> [Work to be completed]: Here is a block of records. Copy every line in it that includes "Size".
☆ ☆ ☆ ☆ ☆ ☆ ☆
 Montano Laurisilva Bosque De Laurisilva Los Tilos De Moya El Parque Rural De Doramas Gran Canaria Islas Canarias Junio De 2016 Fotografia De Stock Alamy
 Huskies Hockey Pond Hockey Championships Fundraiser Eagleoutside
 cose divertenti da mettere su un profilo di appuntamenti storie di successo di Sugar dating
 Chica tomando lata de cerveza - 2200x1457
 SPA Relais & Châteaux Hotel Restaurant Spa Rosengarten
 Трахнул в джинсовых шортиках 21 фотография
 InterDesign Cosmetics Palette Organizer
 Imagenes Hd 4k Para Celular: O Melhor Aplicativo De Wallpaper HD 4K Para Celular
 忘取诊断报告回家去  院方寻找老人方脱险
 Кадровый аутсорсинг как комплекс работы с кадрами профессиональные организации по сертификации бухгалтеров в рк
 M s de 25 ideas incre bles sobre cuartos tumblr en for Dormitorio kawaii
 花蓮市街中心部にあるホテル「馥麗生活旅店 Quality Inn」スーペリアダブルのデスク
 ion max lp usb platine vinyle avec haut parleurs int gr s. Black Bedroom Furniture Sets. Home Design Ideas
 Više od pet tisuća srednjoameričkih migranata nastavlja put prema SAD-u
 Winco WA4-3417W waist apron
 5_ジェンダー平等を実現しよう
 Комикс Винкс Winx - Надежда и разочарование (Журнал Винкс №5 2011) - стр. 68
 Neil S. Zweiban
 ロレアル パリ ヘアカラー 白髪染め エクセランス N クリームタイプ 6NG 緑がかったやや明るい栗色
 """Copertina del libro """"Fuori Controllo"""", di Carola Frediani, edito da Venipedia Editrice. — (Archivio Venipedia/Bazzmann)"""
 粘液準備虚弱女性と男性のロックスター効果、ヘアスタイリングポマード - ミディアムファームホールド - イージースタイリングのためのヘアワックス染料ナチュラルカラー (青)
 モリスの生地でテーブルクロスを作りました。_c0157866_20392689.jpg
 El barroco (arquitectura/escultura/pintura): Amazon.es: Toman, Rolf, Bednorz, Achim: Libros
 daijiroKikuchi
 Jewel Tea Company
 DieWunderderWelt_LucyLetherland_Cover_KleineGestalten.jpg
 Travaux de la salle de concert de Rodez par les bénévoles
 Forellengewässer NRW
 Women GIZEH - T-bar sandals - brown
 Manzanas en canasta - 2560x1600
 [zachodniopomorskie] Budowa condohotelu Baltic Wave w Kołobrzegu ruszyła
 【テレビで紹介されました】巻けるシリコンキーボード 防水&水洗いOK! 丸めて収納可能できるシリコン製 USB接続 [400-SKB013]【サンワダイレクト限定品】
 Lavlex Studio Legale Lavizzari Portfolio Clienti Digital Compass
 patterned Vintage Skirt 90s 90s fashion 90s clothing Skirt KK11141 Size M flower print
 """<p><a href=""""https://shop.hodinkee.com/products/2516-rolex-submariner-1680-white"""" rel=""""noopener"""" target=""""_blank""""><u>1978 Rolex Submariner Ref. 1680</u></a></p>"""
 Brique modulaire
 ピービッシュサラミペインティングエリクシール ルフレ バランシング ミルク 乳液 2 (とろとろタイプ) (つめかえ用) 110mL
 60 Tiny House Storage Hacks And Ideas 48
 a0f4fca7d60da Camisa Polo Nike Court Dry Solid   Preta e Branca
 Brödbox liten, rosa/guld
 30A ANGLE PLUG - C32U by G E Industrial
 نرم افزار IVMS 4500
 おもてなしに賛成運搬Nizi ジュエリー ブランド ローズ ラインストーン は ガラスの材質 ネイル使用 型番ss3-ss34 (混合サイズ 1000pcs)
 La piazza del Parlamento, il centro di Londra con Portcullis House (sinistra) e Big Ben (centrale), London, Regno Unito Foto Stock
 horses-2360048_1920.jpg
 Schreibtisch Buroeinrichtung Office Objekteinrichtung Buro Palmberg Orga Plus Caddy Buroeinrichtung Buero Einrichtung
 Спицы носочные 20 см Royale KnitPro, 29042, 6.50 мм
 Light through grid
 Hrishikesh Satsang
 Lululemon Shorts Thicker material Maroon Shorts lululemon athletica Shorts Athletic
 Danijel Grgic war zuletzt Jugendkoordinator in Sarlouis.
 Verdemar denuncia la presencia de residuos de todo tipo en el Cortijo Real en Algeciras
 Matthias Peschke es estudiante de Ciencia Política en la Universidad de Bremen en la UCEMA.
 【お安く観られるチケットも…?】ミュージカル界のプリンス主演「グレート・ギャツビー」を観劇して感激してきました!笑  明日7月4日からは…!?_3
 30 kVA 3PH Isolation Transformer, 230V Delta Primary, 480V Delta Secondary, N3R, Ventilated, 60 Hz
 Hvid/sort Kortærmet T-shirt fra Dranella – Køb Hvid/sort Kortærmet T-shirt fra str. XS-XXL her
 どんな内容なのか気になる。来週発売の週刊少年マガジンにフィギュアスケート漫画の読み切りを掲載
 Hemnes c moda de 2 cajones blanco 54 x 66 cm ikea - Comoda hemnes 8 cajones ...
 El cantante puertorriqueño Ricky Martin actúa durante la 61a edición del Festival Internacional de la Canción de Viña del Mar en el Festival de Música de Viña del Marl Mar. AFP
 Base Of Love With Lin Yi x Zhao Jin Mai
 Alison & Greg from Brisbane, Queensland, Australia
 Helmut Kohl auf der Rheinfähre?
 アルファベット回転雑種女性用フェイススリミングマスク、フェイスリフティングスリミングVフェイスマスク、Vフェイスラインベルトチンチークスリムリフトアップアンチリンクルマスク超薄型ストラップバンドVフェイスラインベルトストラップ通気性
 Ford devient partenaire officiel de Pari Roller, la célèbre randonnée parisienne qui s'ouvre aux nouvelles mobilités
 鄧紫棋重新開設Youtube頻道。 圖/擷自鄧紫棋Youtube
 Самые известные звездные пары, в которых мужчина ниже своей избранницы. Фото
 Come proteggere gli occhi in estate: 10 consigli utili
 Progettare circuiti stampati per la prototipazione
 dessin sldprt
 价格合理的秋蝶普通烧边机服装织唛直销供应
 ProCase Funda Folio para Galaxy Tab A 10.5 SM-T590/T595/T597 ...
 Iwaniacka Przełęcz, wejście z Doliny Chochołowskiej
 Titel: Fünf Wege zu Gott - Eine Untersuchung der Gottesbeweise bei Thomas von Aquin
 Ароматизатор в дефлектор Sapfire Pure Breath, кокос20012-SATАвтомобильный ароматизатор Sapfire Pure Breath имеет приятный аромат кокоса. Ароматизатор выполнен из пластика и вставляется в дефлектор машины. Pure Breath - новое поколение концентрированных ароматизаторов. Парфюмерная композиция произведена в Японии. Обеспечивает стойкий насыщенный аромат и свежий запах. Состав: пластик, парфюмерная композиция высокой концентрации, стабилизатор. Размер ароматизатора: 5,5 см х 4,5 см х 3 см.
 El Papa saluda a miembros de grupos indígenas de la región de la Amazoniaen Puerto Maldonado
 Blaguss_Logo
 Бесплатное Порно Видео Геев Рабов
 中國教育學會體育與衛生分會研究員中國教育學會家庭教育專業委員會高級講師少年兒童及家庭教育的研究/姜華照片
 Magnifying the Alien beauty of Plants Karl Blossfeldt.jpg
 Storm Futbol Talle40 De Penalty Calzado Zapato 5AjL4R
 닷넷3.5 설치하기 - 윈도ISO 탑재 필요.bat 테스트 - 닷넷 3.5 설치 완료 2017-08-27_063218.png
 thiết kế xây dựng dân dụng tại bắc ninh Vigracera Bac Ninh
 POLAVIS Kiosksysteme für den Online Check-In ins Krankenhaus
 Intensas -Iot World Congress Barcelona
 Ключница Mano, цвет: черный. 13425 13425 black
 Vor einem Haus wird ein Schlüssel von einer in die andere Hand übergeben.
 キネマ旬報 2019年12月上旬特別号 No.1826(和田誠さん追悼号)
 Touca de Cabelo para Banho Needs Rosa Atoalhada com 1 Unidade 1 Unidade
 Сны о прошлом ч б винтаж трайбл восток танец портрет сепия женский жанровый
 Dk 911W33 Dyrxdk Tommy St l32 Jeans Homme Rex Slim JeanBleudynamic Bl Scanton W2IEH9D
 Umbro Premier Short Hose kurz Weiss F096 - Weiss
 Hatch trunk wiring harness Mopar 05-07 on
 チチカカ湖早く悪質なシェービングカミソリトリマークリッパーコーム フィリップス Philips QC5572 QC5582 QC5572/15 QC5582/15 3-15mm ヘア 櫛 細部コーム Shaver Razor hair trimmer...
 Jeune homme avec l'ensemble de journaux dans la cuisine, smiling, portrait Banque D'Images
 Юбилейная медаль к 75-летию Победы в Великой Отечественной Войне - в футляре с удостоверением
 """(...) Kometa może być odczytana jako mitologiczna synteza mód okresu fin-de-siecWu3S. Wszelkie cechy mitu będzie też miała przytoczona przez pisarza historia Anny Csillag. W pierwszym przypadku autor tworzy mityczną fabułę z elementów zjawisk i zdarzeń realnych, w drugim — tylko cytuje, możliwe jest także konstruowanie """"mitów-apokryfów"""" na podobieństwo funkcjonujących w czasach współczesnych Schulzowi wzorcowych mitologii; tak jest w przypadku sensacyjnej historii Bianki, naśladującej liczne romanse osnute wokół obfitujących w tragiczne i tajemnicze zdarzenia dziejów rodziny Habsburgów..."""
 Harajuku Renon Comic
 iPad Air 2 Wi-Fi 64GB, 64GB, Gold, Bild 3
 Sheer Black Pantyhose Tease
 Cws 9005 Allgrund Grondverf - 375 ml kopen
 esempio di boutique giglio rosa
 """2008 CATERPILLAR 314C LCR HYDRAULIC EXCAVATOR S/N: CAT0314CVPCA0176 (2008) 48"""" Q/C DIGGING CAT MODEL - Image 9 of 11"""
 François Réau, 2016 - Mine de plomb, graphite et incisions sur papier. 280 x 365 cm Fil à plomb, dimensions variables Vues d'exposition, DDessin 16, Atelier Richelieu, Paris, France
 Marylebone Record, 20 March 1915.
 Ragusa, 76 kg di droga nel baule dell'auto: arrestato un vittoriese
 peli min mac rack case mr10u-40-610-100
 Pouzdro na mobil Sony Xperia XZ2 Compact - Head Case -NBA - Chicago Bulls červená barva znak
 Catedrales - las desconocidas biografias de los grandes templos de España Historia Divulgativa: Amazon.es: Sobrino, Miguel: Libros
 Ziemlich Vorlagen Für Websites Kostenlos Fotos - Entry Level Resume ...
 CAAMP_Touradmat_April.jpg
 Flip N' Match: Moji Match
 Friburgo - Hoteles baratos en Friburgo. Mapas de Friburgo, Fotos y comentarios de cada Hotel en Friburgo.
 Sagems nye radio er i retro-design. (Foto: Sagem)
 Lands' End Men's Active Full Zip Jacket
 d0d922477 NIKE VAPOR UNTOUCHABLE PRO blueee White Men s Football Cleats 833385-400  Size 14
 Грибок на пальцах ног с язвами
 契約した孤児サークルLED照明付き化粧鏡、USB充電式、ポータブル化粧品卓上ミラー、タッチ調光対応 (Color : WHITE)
☆ ☆ ☆ ☆ ☆ ☆ ☆
> [Task output]:
 patterned Vintage Skirt 90s 90s fashion 90s clothing Skirt KK11141 Size M flower print
 d0d922477 NIKE VAPOR UNTOUCHABLE PRO blueee White Men s Football Cleats 833385-400  Size 14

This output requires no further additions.